#### Your objective:
Would you return the listing exactly as written, apart from its pictures?

:: Data ::

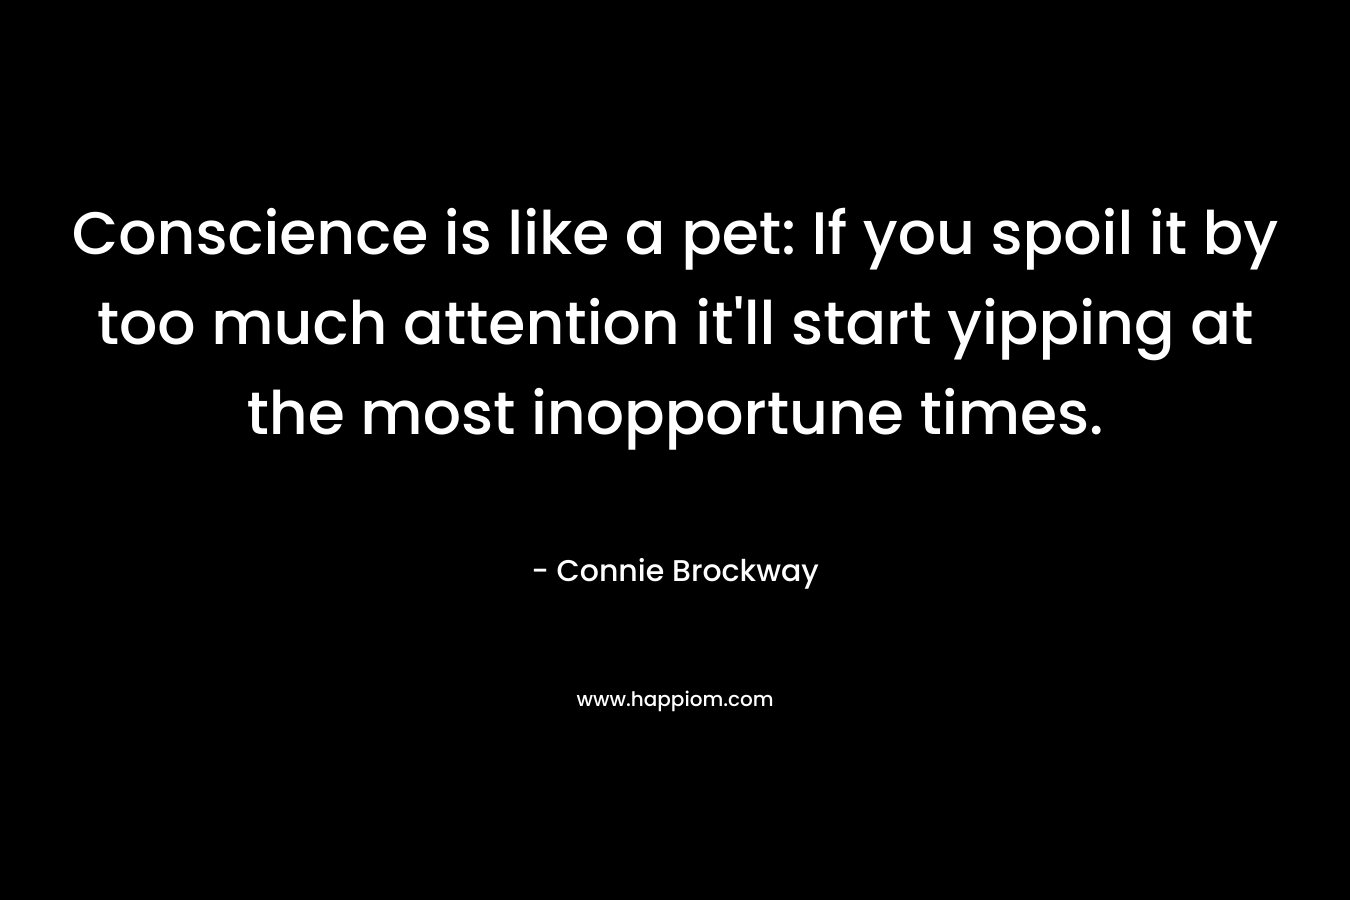 Conscience is like a pet: If you spoil it by too much attention it’ll start yipping at the most inopportune times. – Connie Brockway
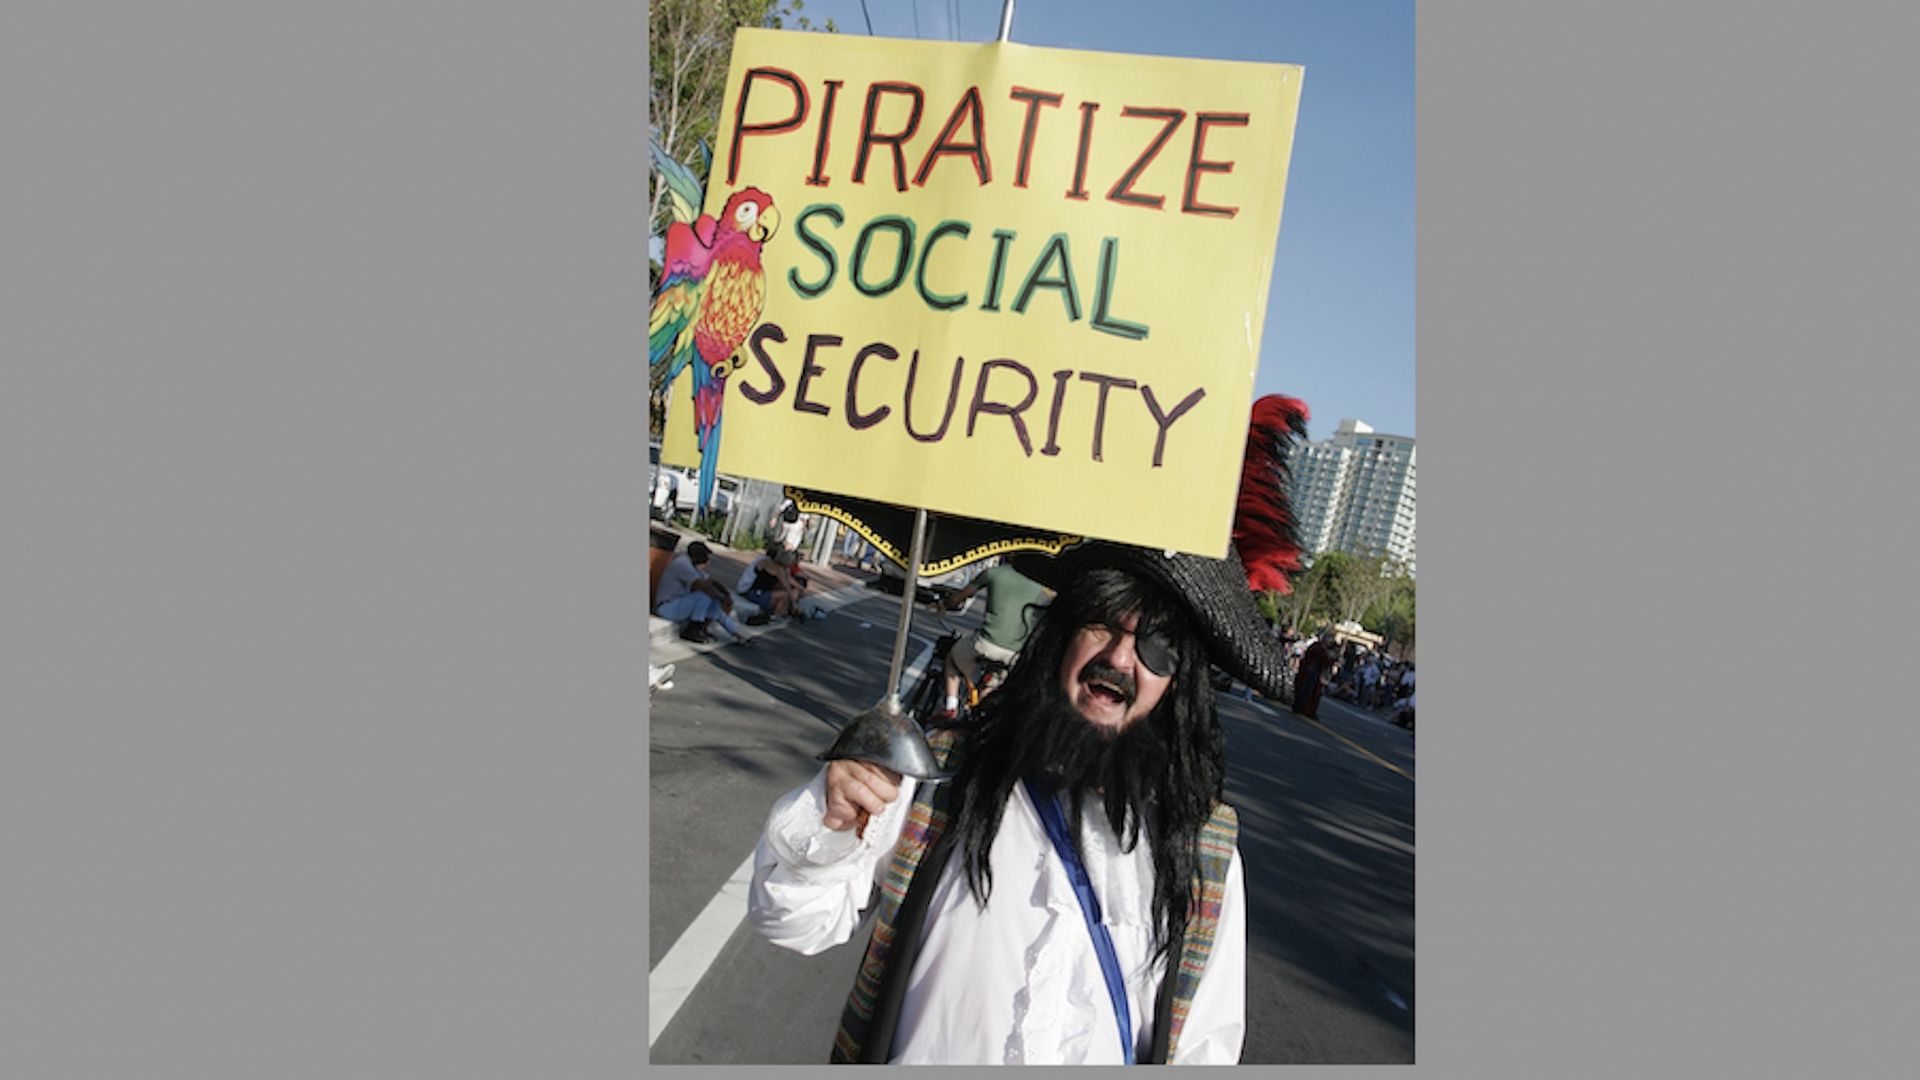 A person dressed as a pirate holds a sign saying "Piratize social security" 
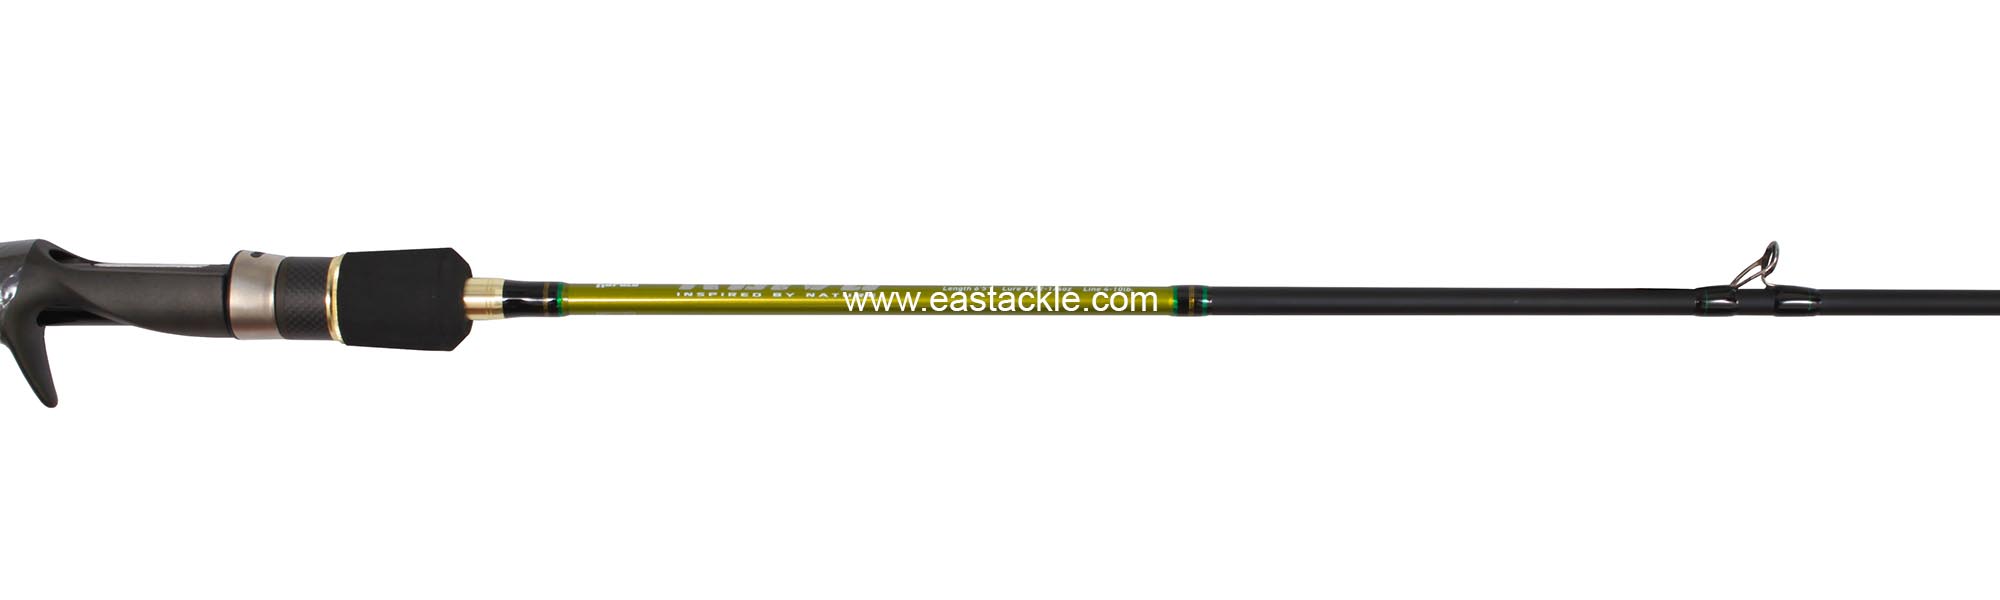 Rapala - Koivu - KVC652M - Bait Casting Rod - Reel Seat Fore Grip to Stripper Guide (Side View) | Eastackle

:::

#### Solved problem:
 Conscience is like a pet: If you spoil it by too much attention it’ll start yipping at the most inopportune times. – Connie Brockway
 A person dressed as a pirate holds a sign saying "Piratize social security" 
 Rapala - Koivu - KVC652M - Bait Casting Rod - Reel Seat Fore Grip to Stripper Guide (Side View) | Eastackle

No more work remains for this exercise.